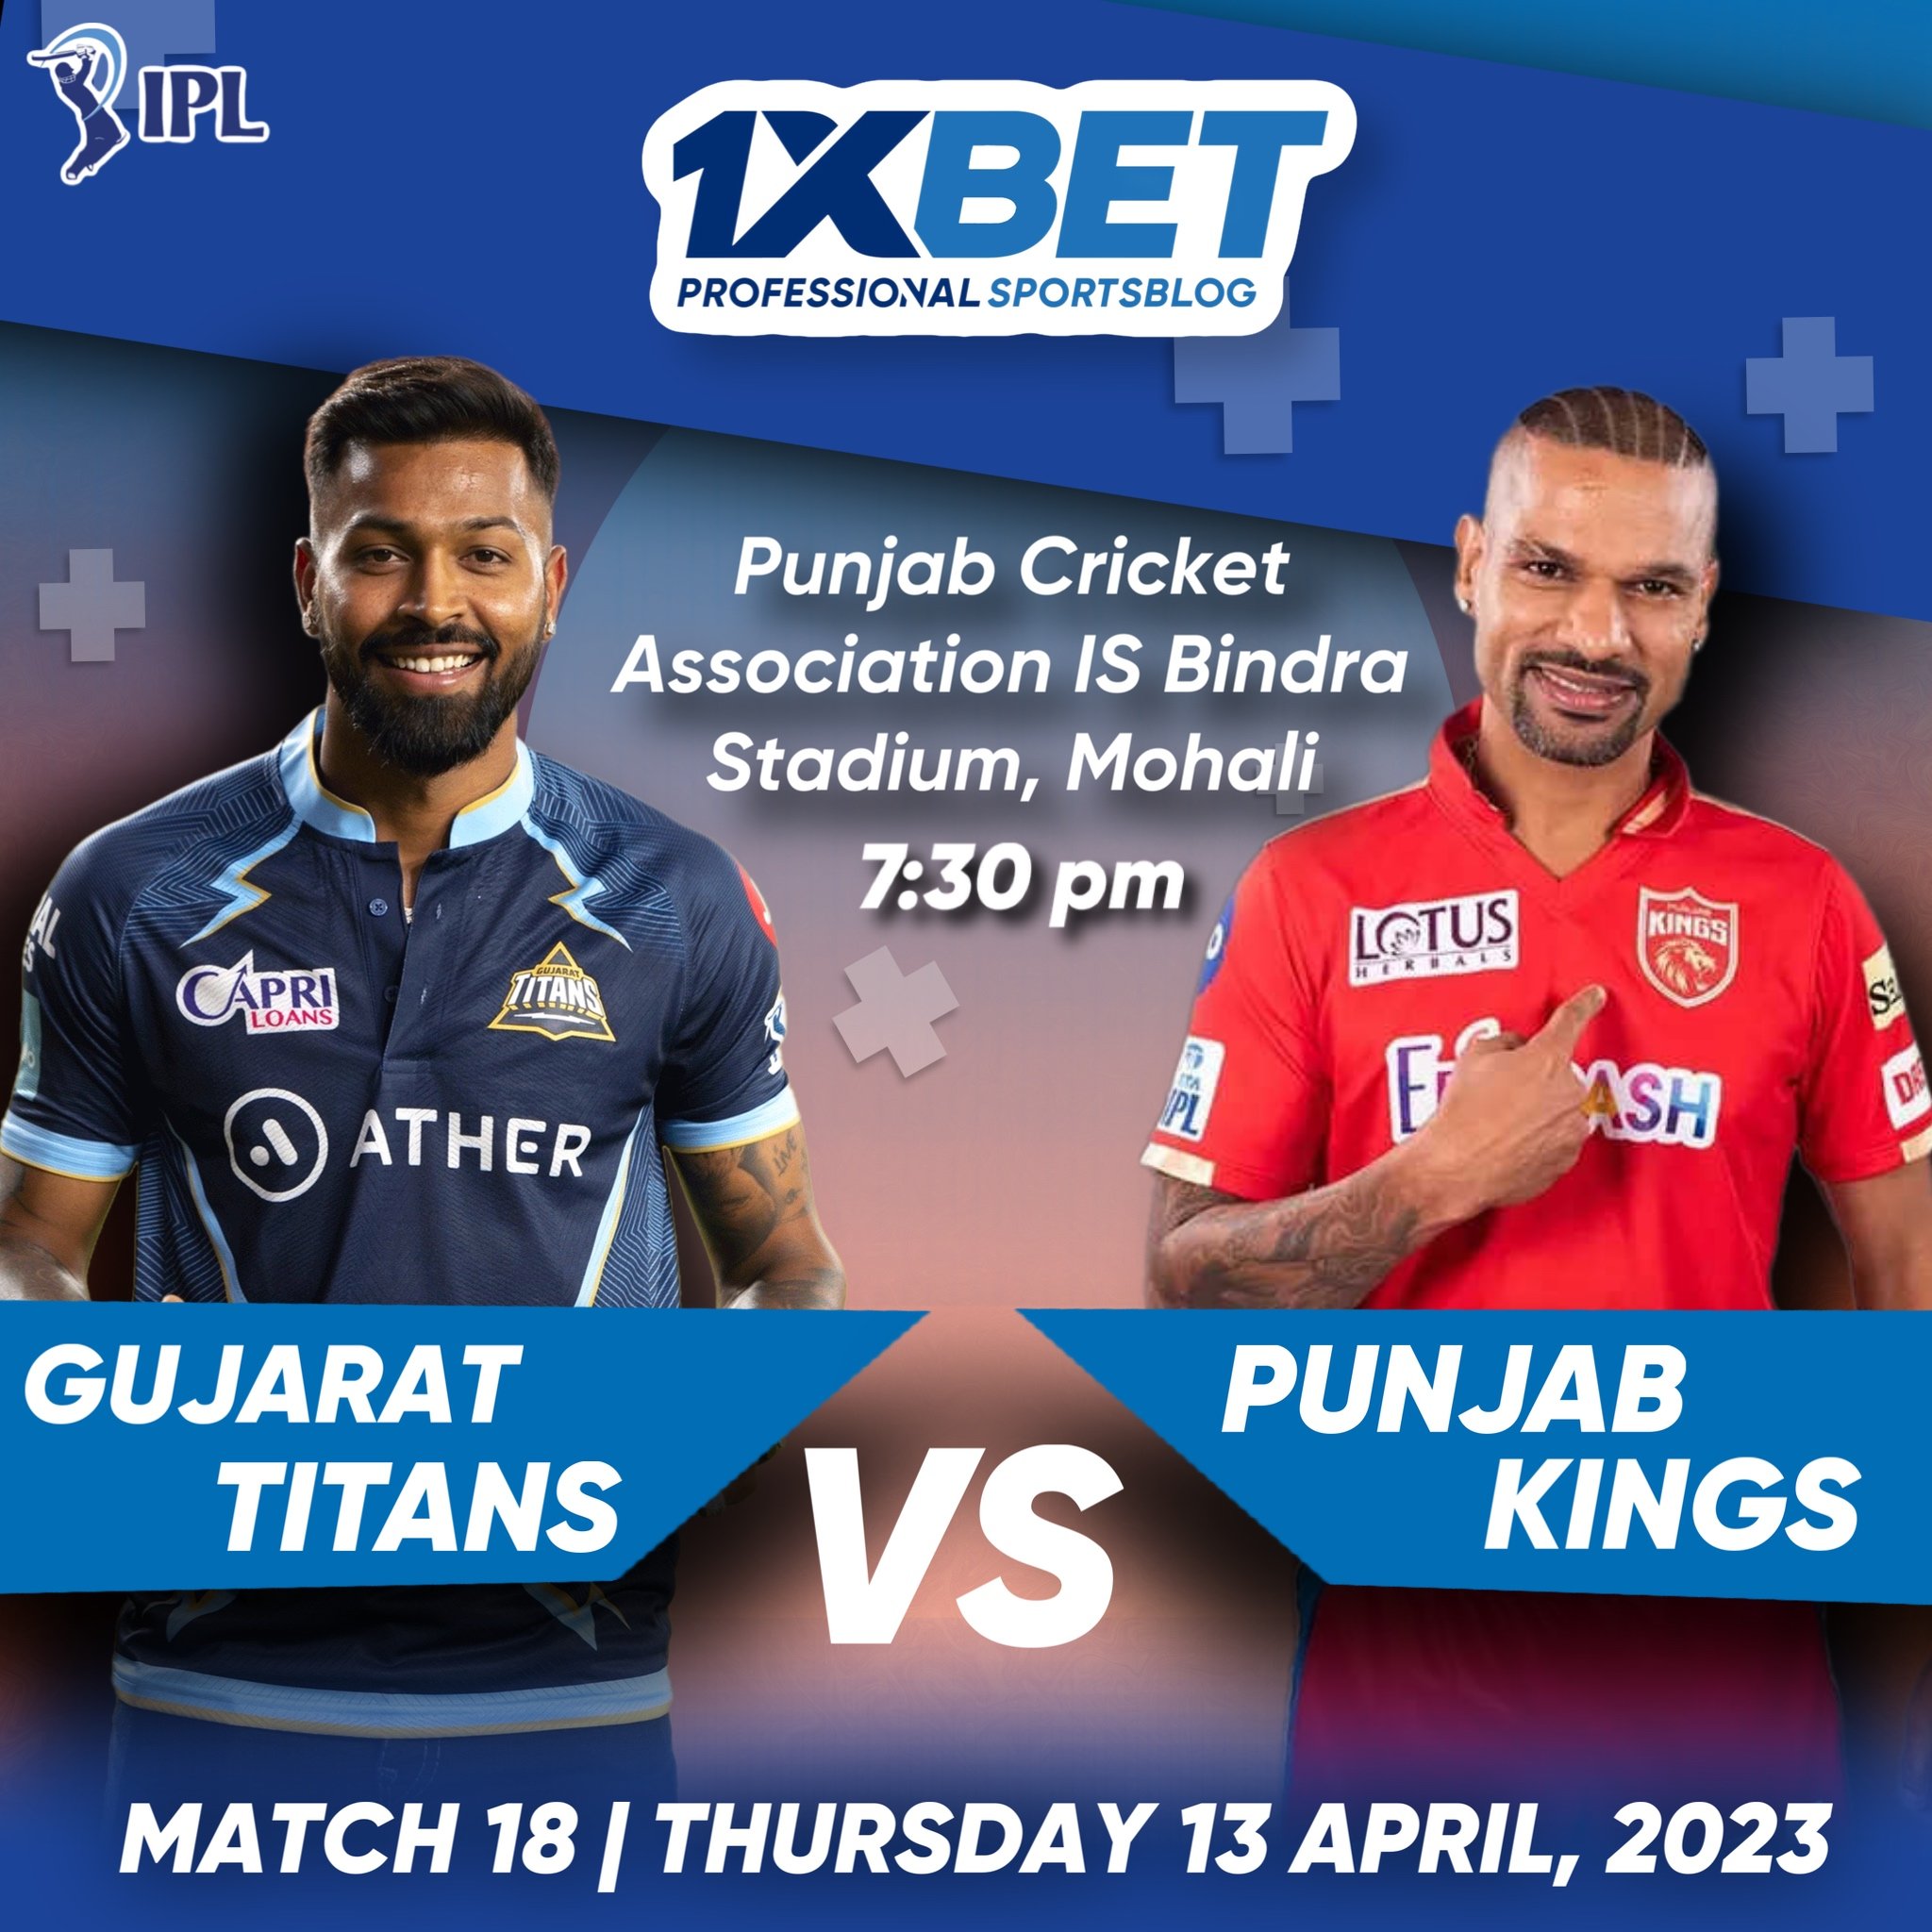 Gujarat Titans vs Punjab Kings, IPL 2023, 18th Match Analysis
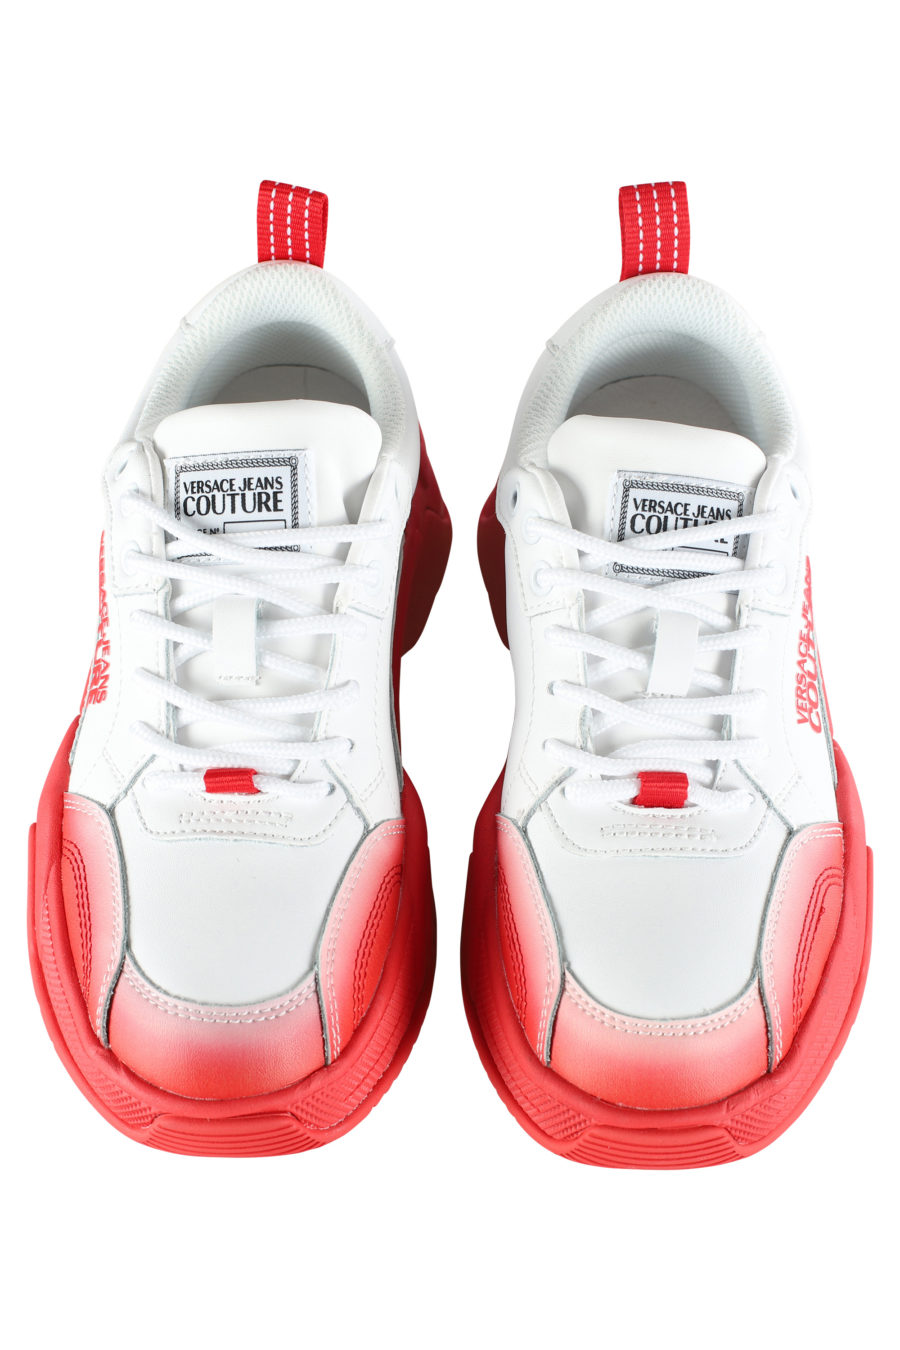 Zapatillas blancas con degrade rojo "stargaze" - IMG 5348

---

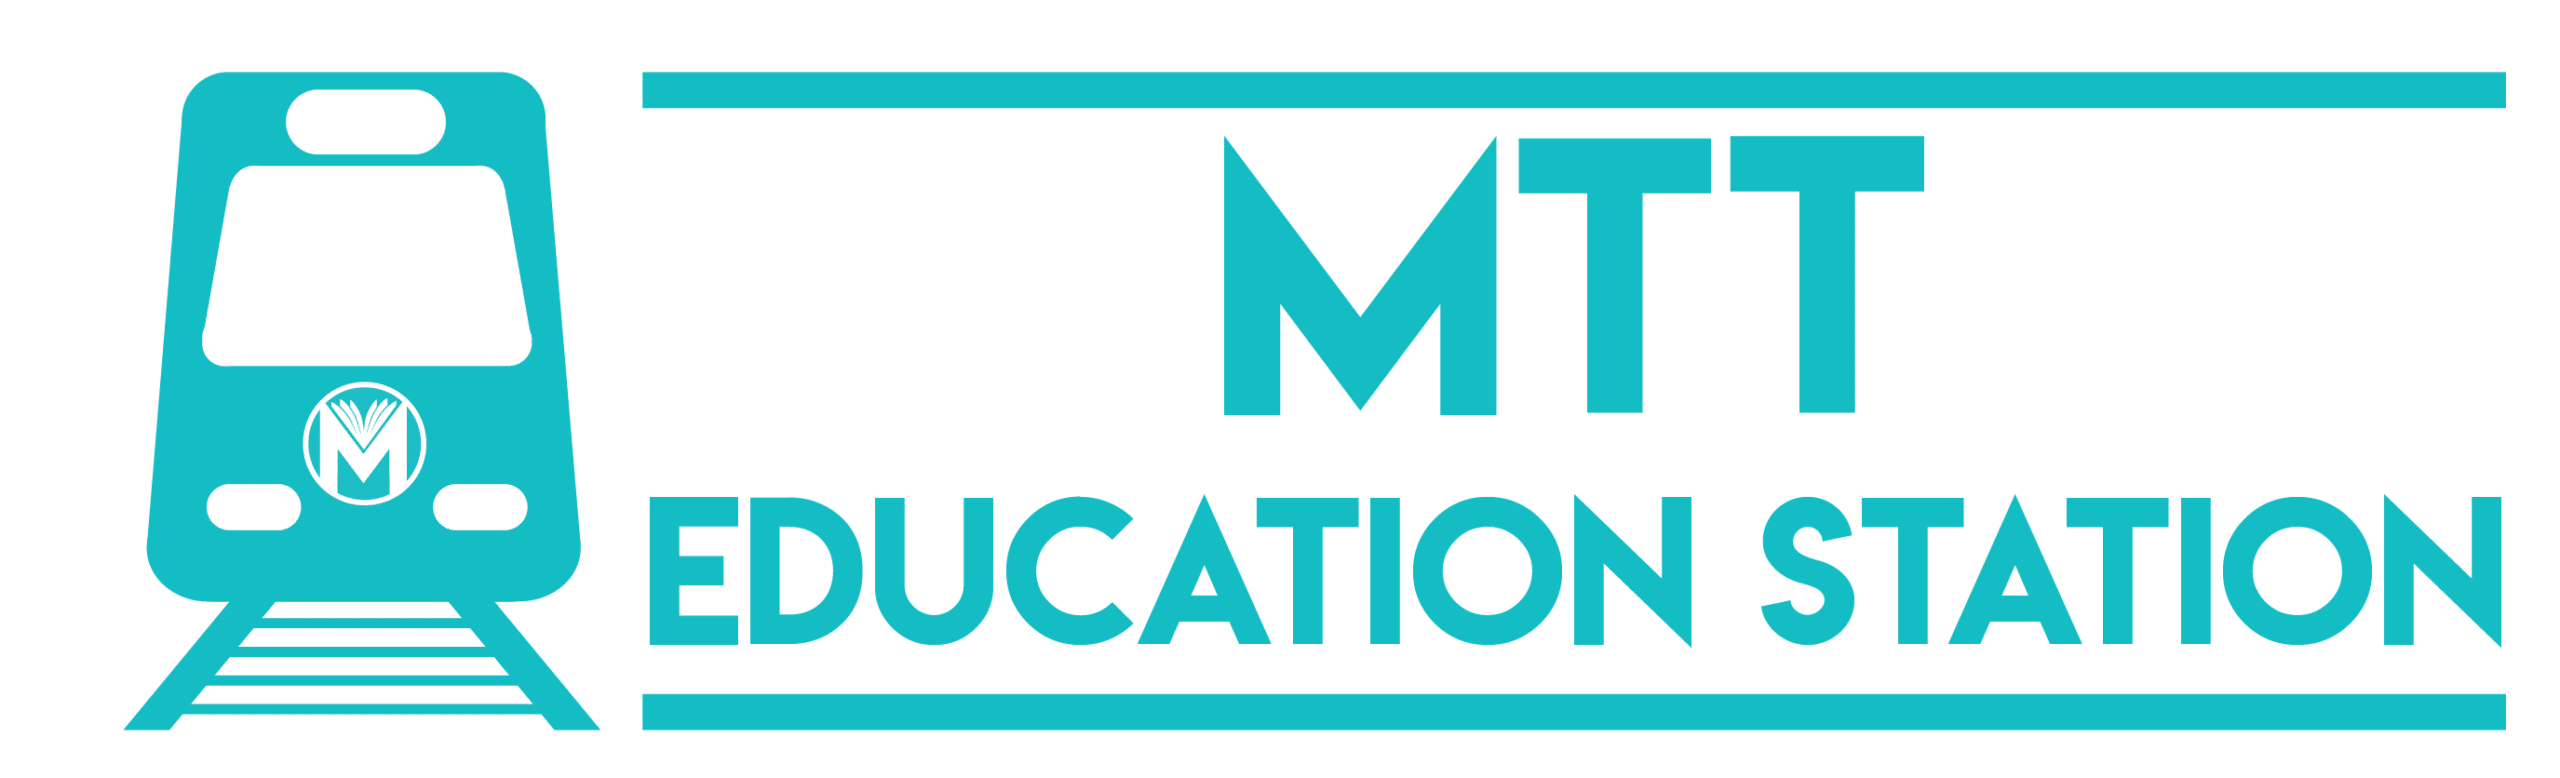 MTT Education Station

* * *

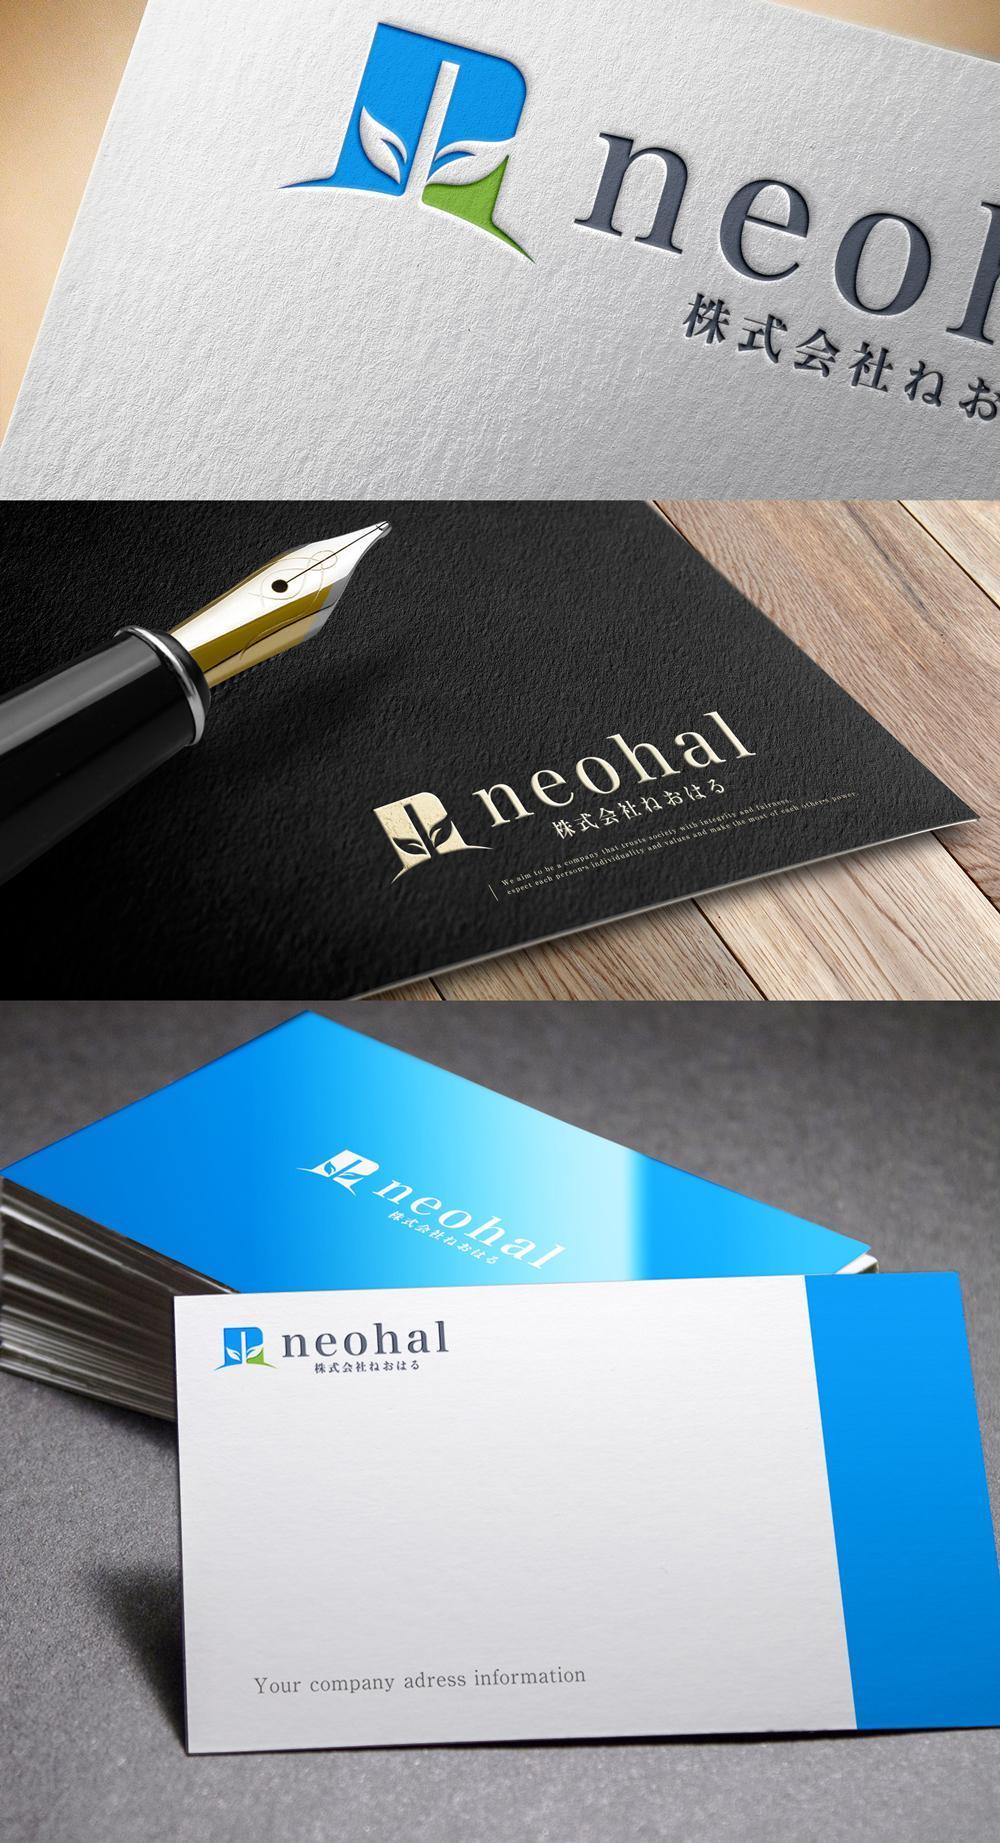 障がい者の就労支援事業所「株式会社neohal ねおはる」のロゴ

-- WHAT IS REQUIRED --
Among the entries above, copy exactly the stretch from the line holding "Gujarat Titans vs" through the line holding "Zapatillas blancas con", leaving out any pictures.

-- YOUR RESPONSE --
 Gujarat Titans vs Punjab Kings, IPL 2023, 18th Match Analysis
 Zapatillas blancas con degrade rojo "stargaze" - IMG 5348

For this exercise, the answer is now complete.